NumPy¶
NumPy (or Numpy) is a Linear Algebra Library for Python, the reason it is so important for Data Science with Python is that almost all of the libraries in the PyData Ecosystem rely on NumPy as one of their main building blocks.
Numpy is also incredibly fast, as it has bindings to C libraries. For more info on why you would want to use Arrays instead of lists, check out this great StackOverflow post.
We will only learn the basics of NumPy, to get started we need to install it!

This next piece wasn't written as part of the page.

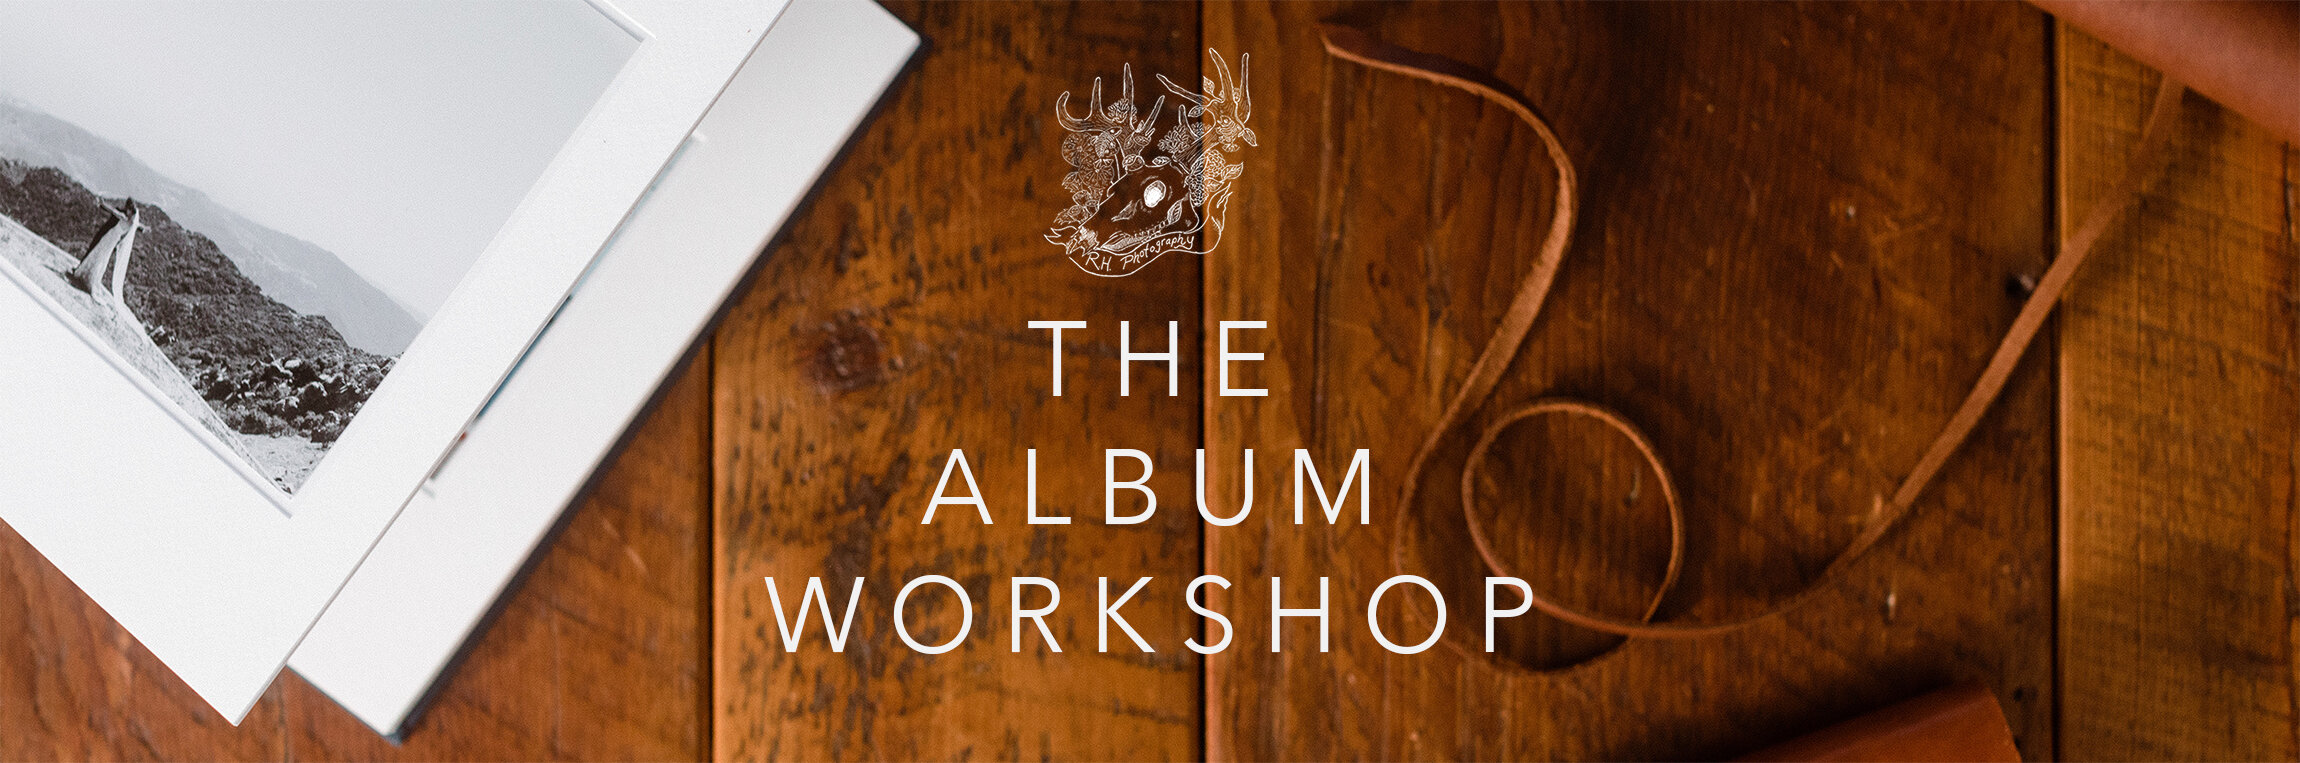 the-album-workshop-website-cover2.jpg

Installation Instructions¶
It is highly recommended you install Python using the Anaconda distribution to make sure all underlying dependencies (such as Linear Algebra libraries) all sync up with the use of a conda install. If you have Anaconda, install NumPy by going to your terminal or command prompt and typing:
conda install numpy
If you do not have Anaconda and can not install it, please refer to Numpy’s official documentation on various installation instructions.
Using NumPy¶
Once you’ve installed NumPy you can import it as a library:
import numpy as np
Numpy has many built-in functions and capabilities. We won’t cover them all but instead we will focus on some of the most important aspects of Numpy: vectors,arrays,matrices, and number generation. Let’s start by discussing arrays.
Numpy Arrays¶
NumPy arrays are the main way we will use Numpy throughout the course. Numpy arrays essentially come in two flavors: vectors and matrices. Vectors are strictly 1-d arrays and matrices are 2-d (but you should note a matrix can still have only one row or one column).

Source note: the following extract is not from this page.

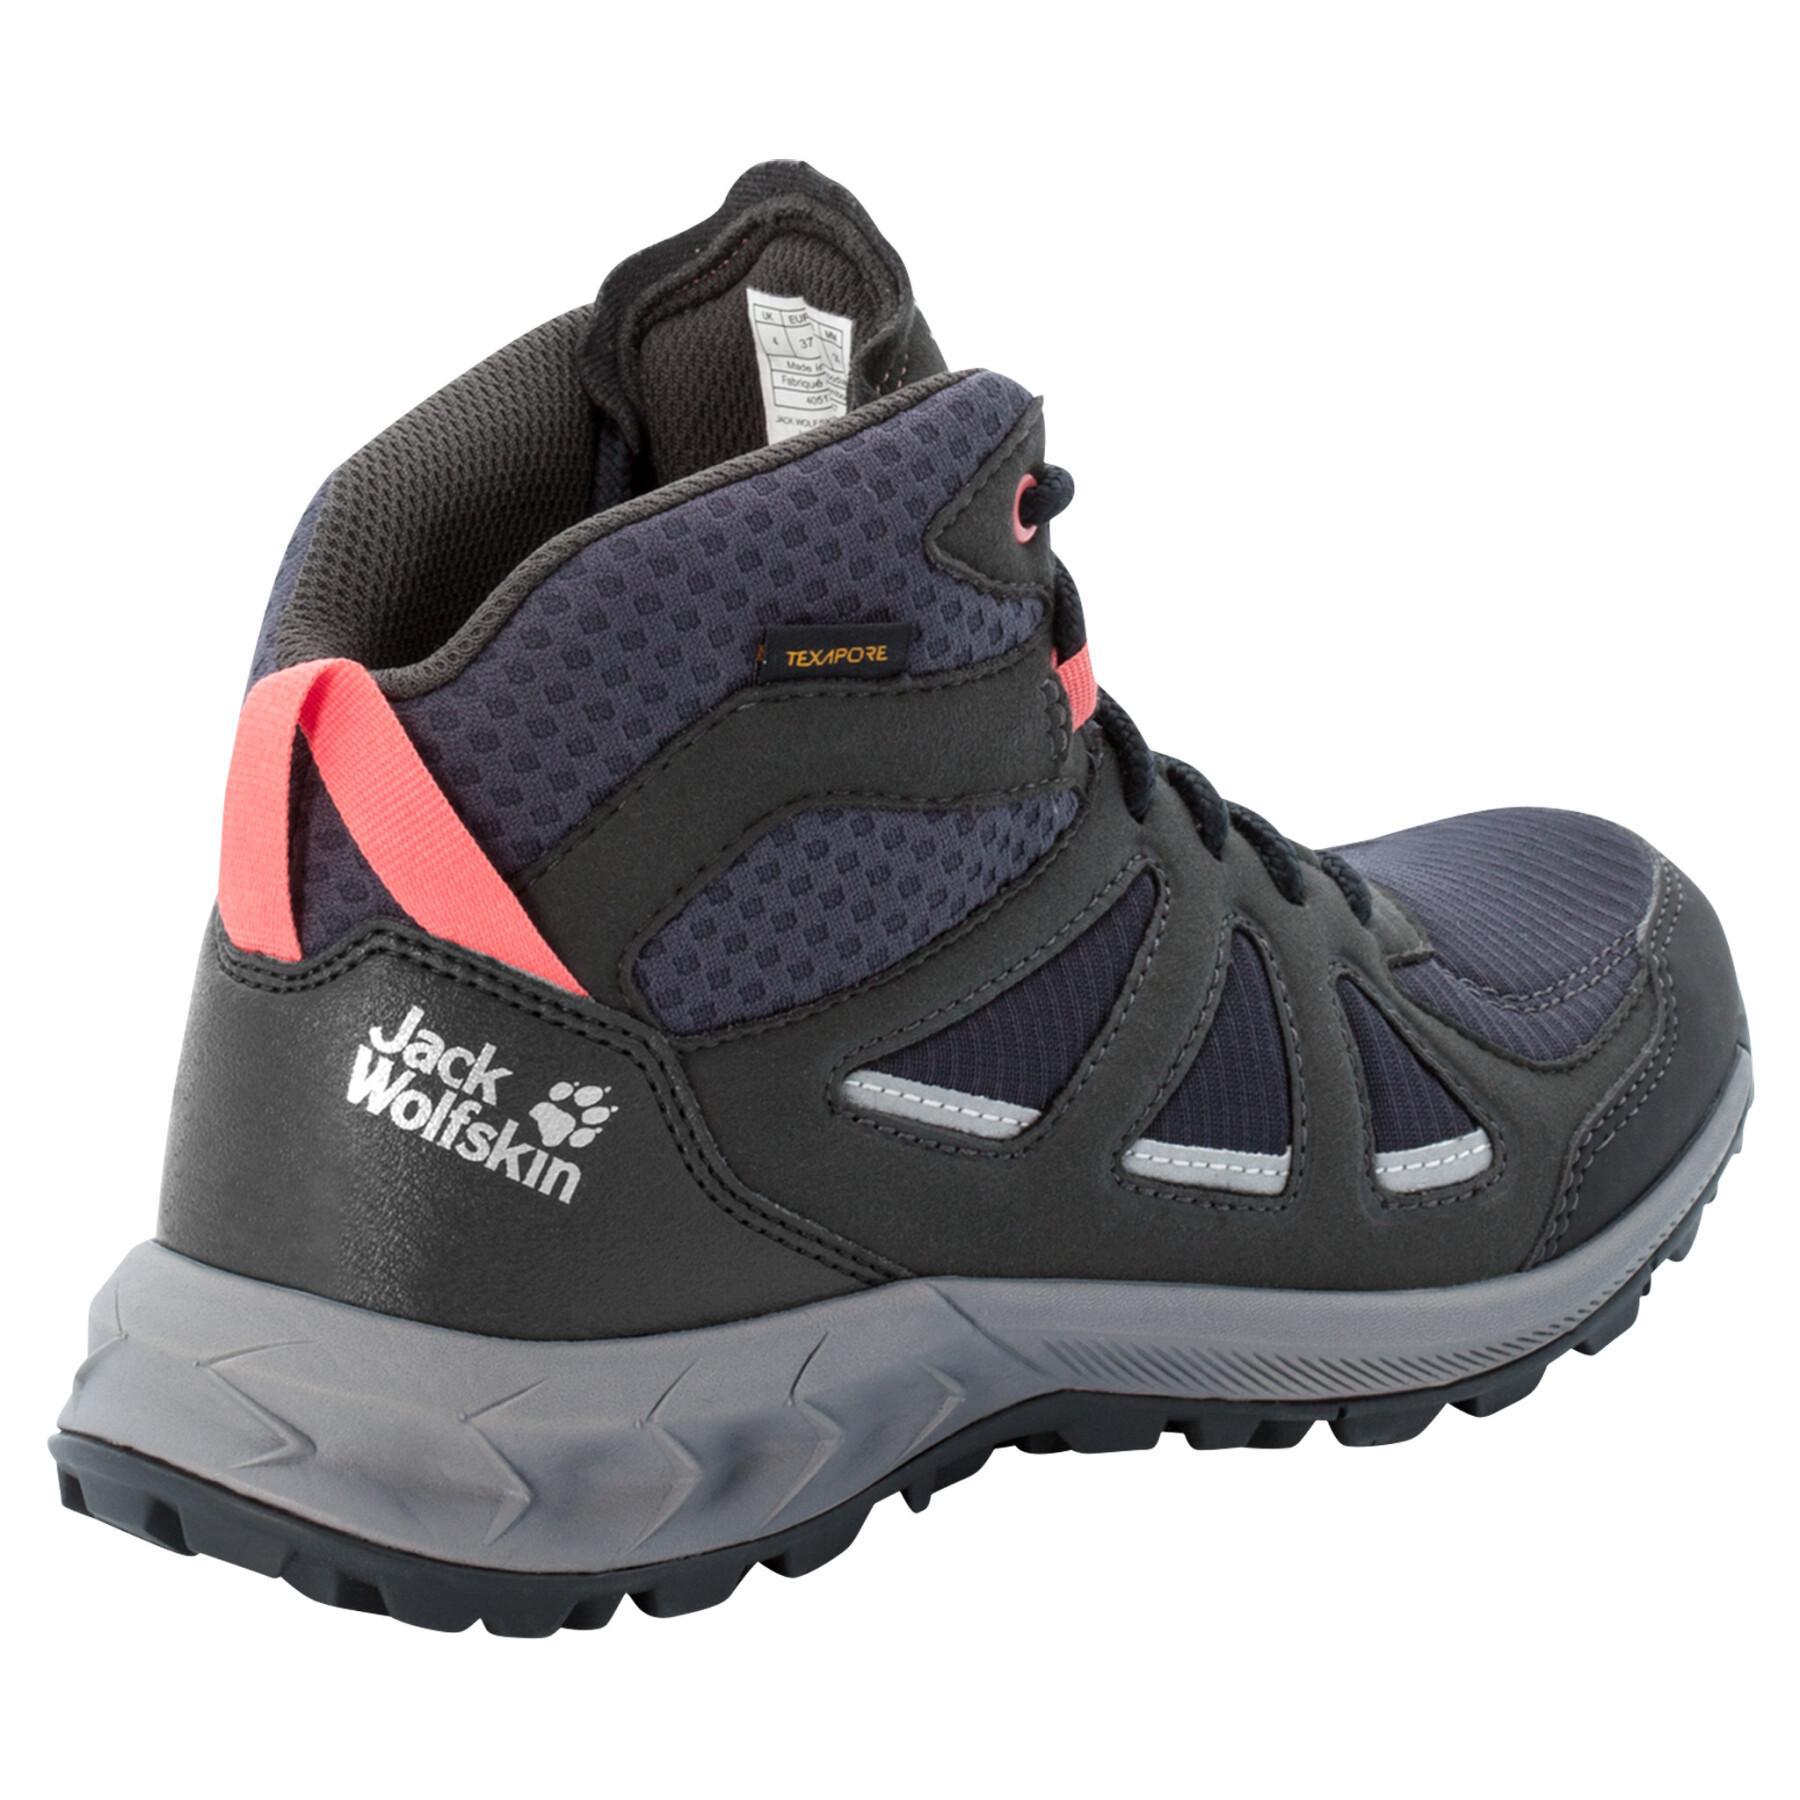 Women's hiking shoes Jack Wolfskin Woodland 2 Texaporeid Mid

Let’s begin our introduction by exploring how to create NumPy arrays.
Creating NumPy Arrays¶
From a Python List¶
We can create an array by directly converting a list or list of lists:
# declare a python list
my_list = [1,2,3]
# print the list
my_list
# convert the list to a numpy array
np.array(my_list)
Creating a 2D Array from Nested Lists¶
To create a 2D array (matrix), pass a list of lists to np.array(). Each inner list becomes a row. All inner lists must have the same length, or NumPy will create an array of objects rather than a proper numeric matrix. This conversion from Python lists to NumPy arrays is typically the first step when preparing data for analysis – raw data arrives as lists, and you convert it to arrays to unlock vectorized operations.
# create a 2D python list (a list of lists)
my_matrix = [[1,2,3],[4,5,6],[7,8,9]]
# print the 2D list
my_matrix
# convert the 2D list to a numpy array
np.array(my_matrix)
Built-in Methods¶
NumPy provides a rich set of array creation functions beyond np.array(). These let you generate arrays with specific patterns, ranges, or random values without manually constructing Python lists first. Mastering these factory functions is essential for efficient data science work – they save time and clearly communicate intent.
arange¶
Return evenly spaced values within a given interval.
How arange Differs from Python’s range¶
np.arange() works similarly to Python’s built-in range() – it starts at the first argument and goes up to (but does not include) the second argument. The key difference is that np.arange() returns a NumPy array directly, so you can immediately apply vectorized operations. An optional third argument specifies the step size between values.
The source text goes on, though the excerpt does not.